Beginning with the line containing "Lounge au bord" and ending with the line containing "Bitcoin price chart 2 - Jun8", write out each line of the records below exactly; pictures and lines outside that range are left out.

• **The data**
"""

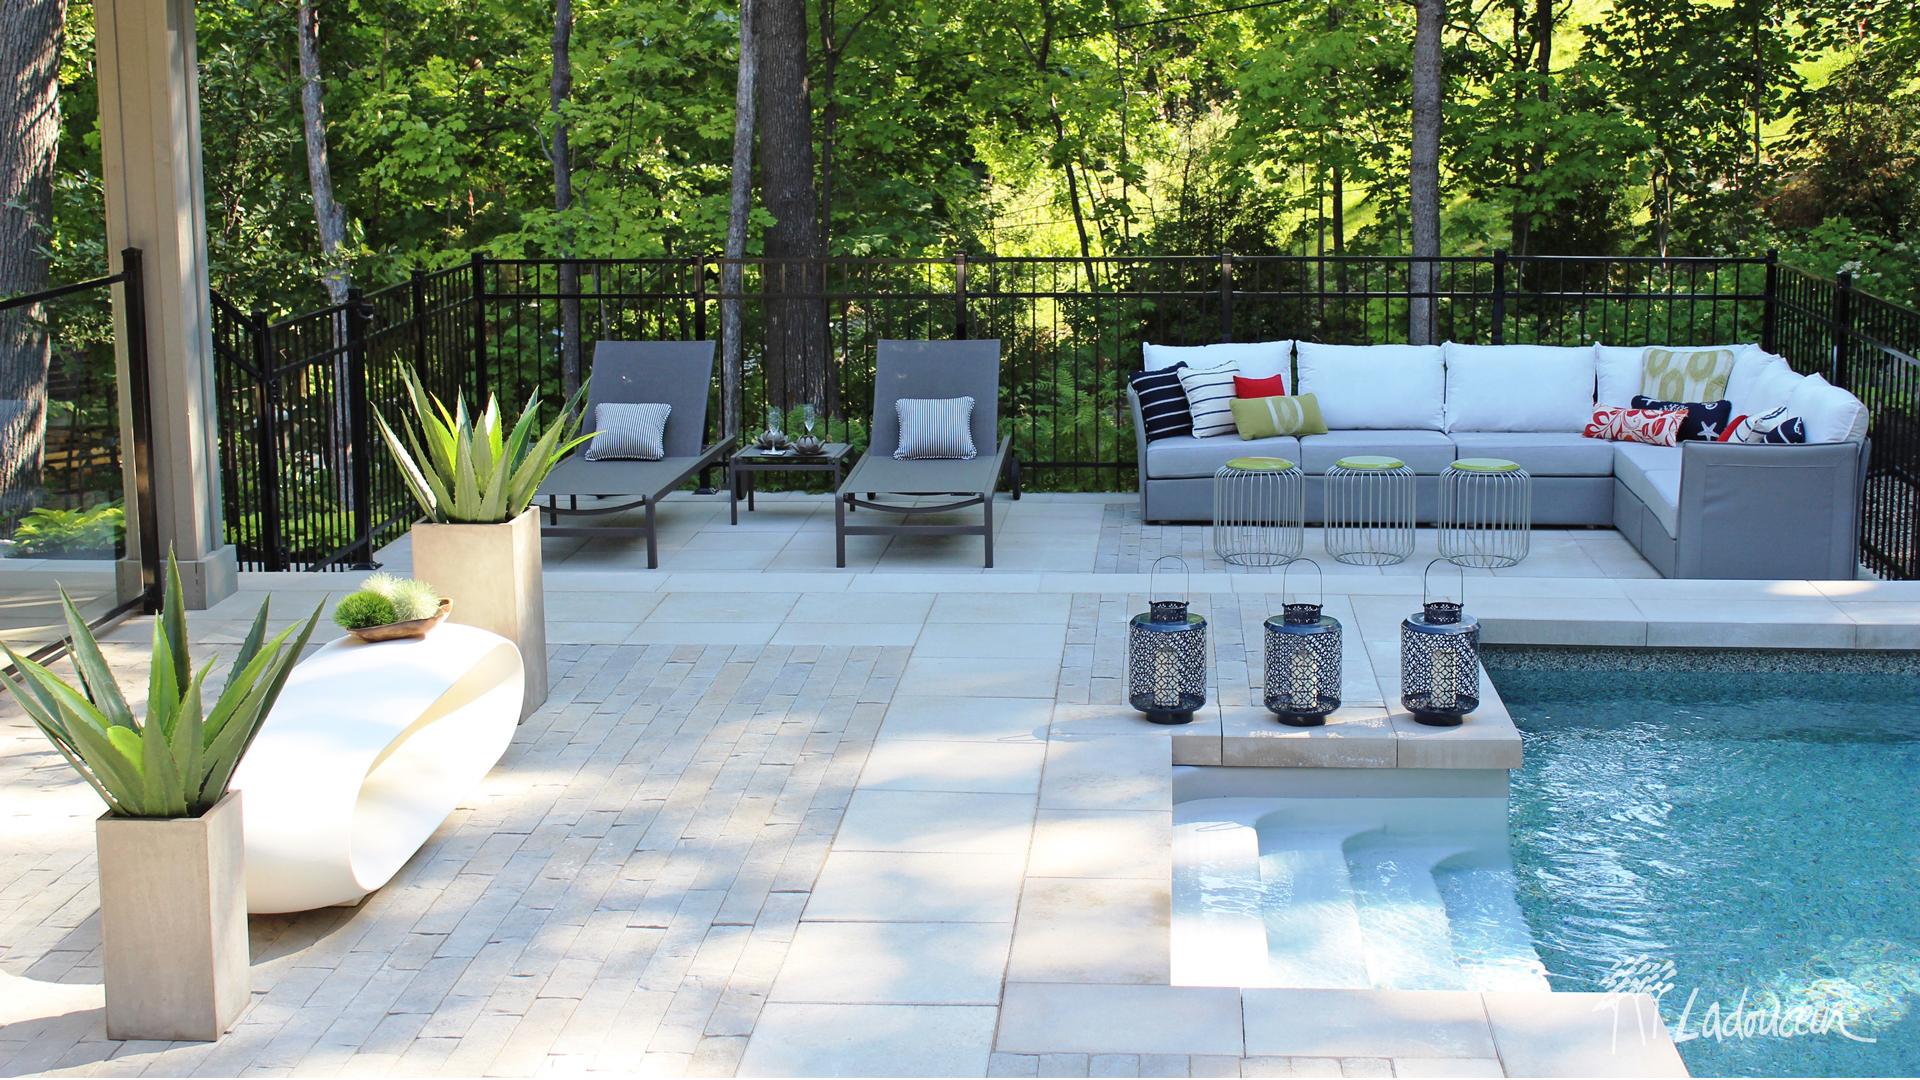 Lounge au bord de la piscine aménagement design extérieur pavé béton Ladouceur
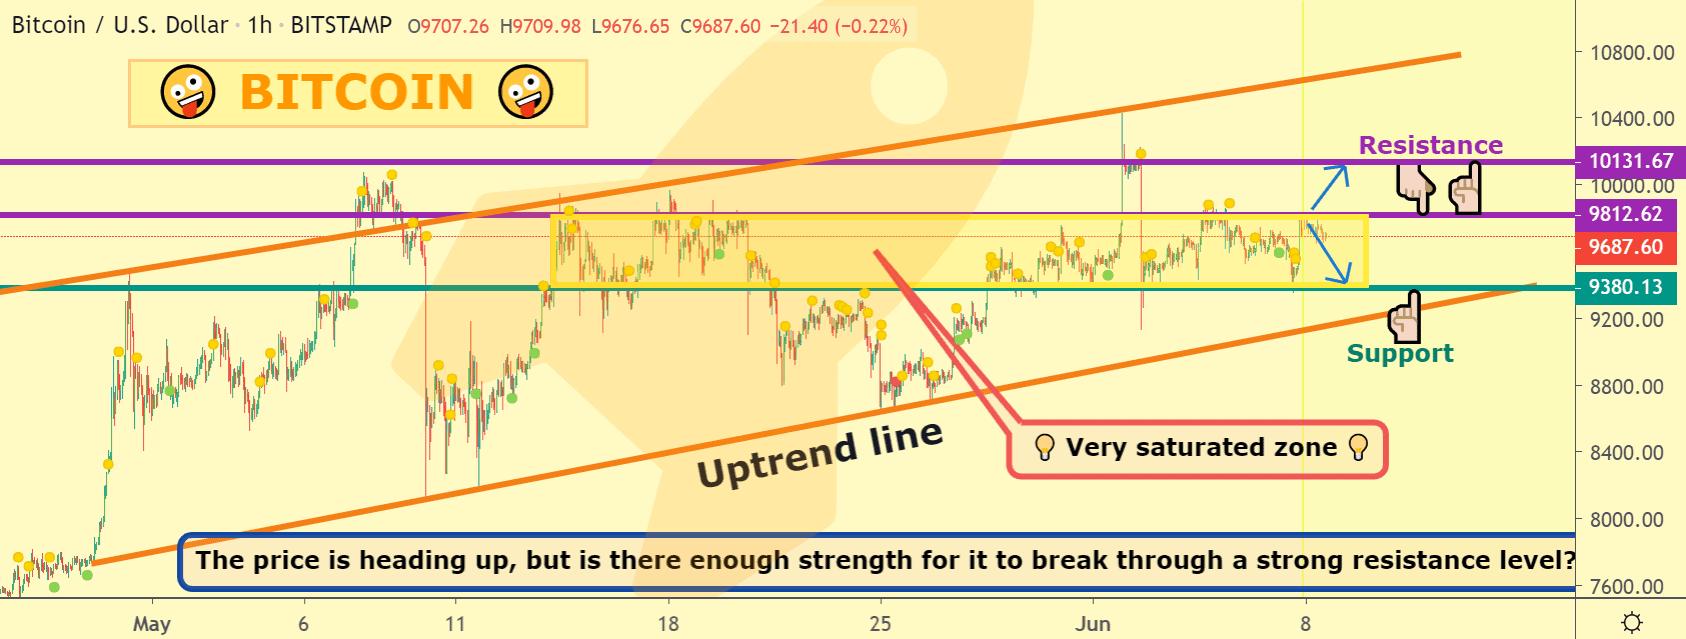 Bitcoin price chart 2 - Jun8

"""
"""

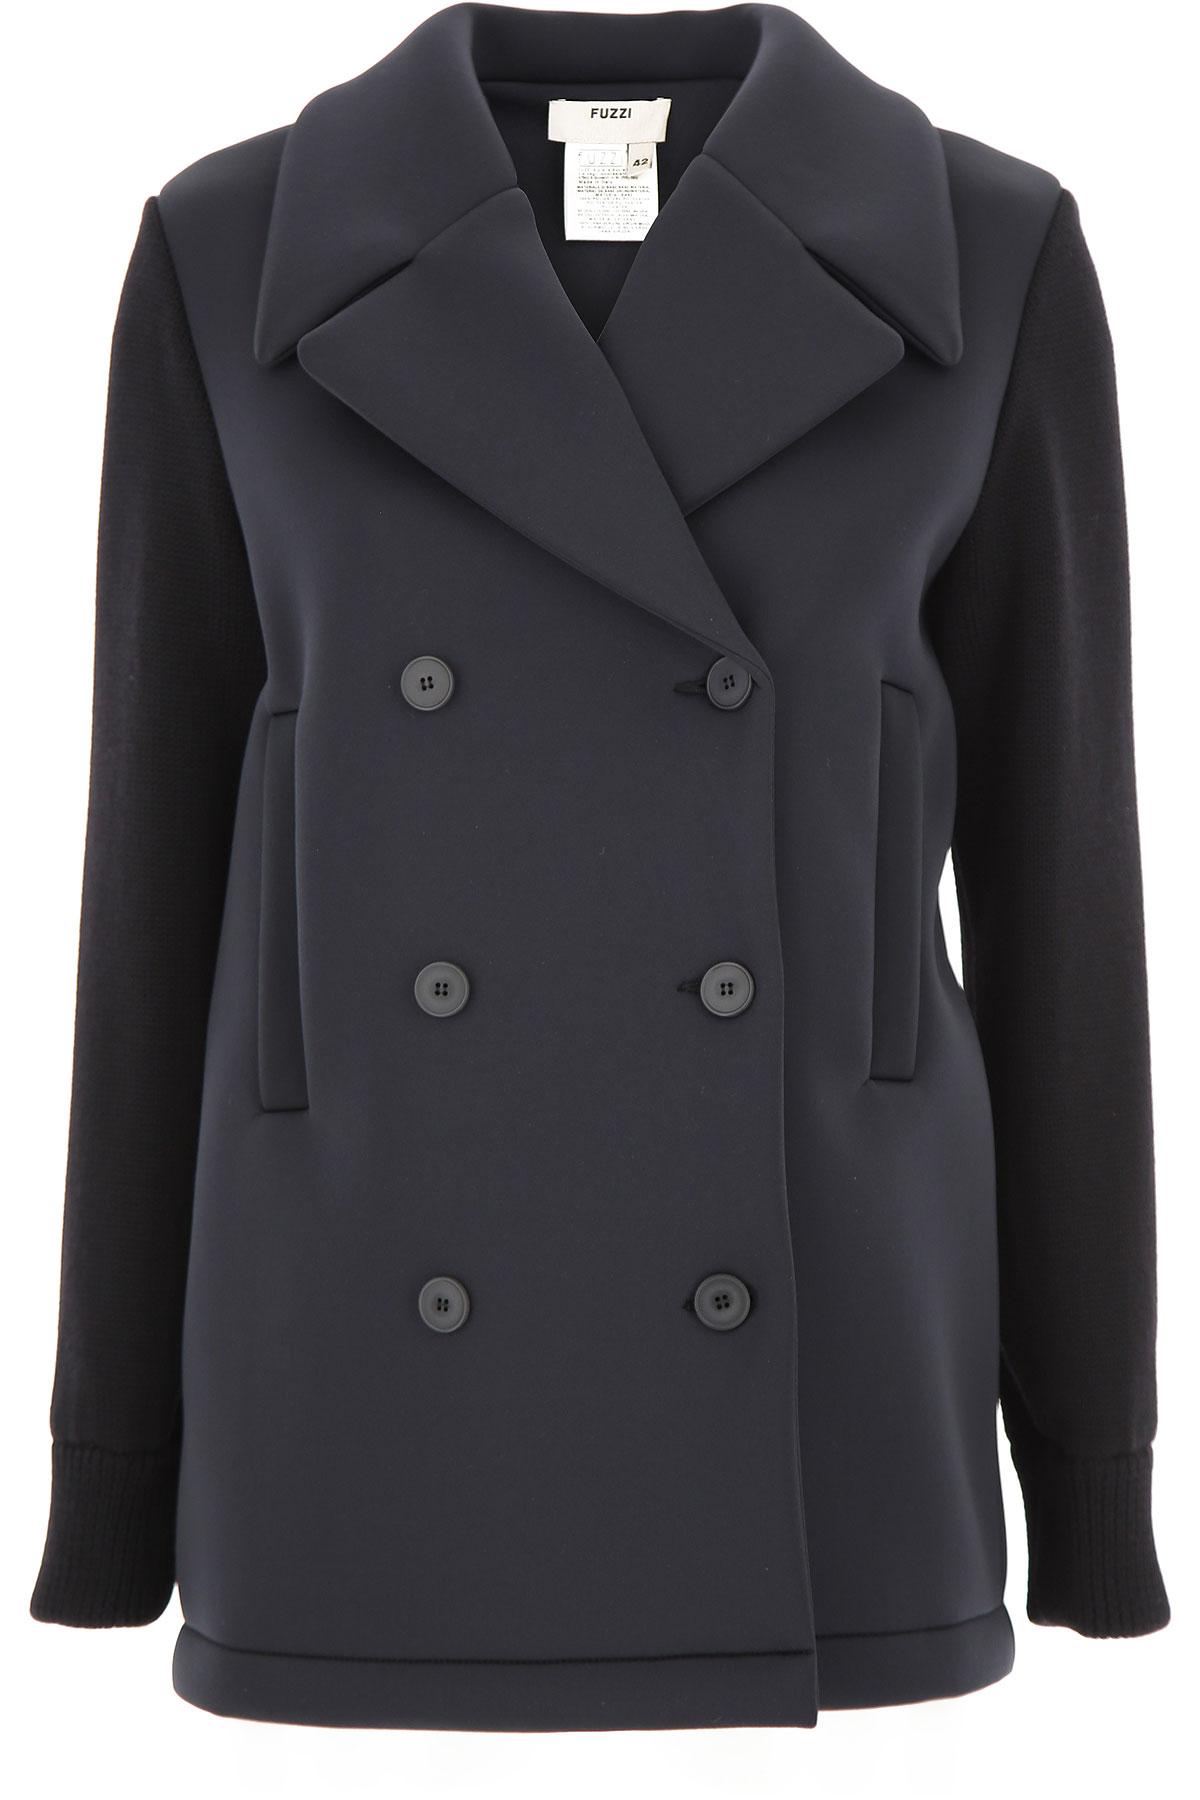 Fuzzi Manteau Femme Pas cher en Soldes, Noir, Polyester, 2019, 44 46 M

"""

• **Result of the task**
 Lounge au bord de la piscine aménagement design extérieur pavé béton Ladouceur
 Bitcoin price chart 2 - Jun8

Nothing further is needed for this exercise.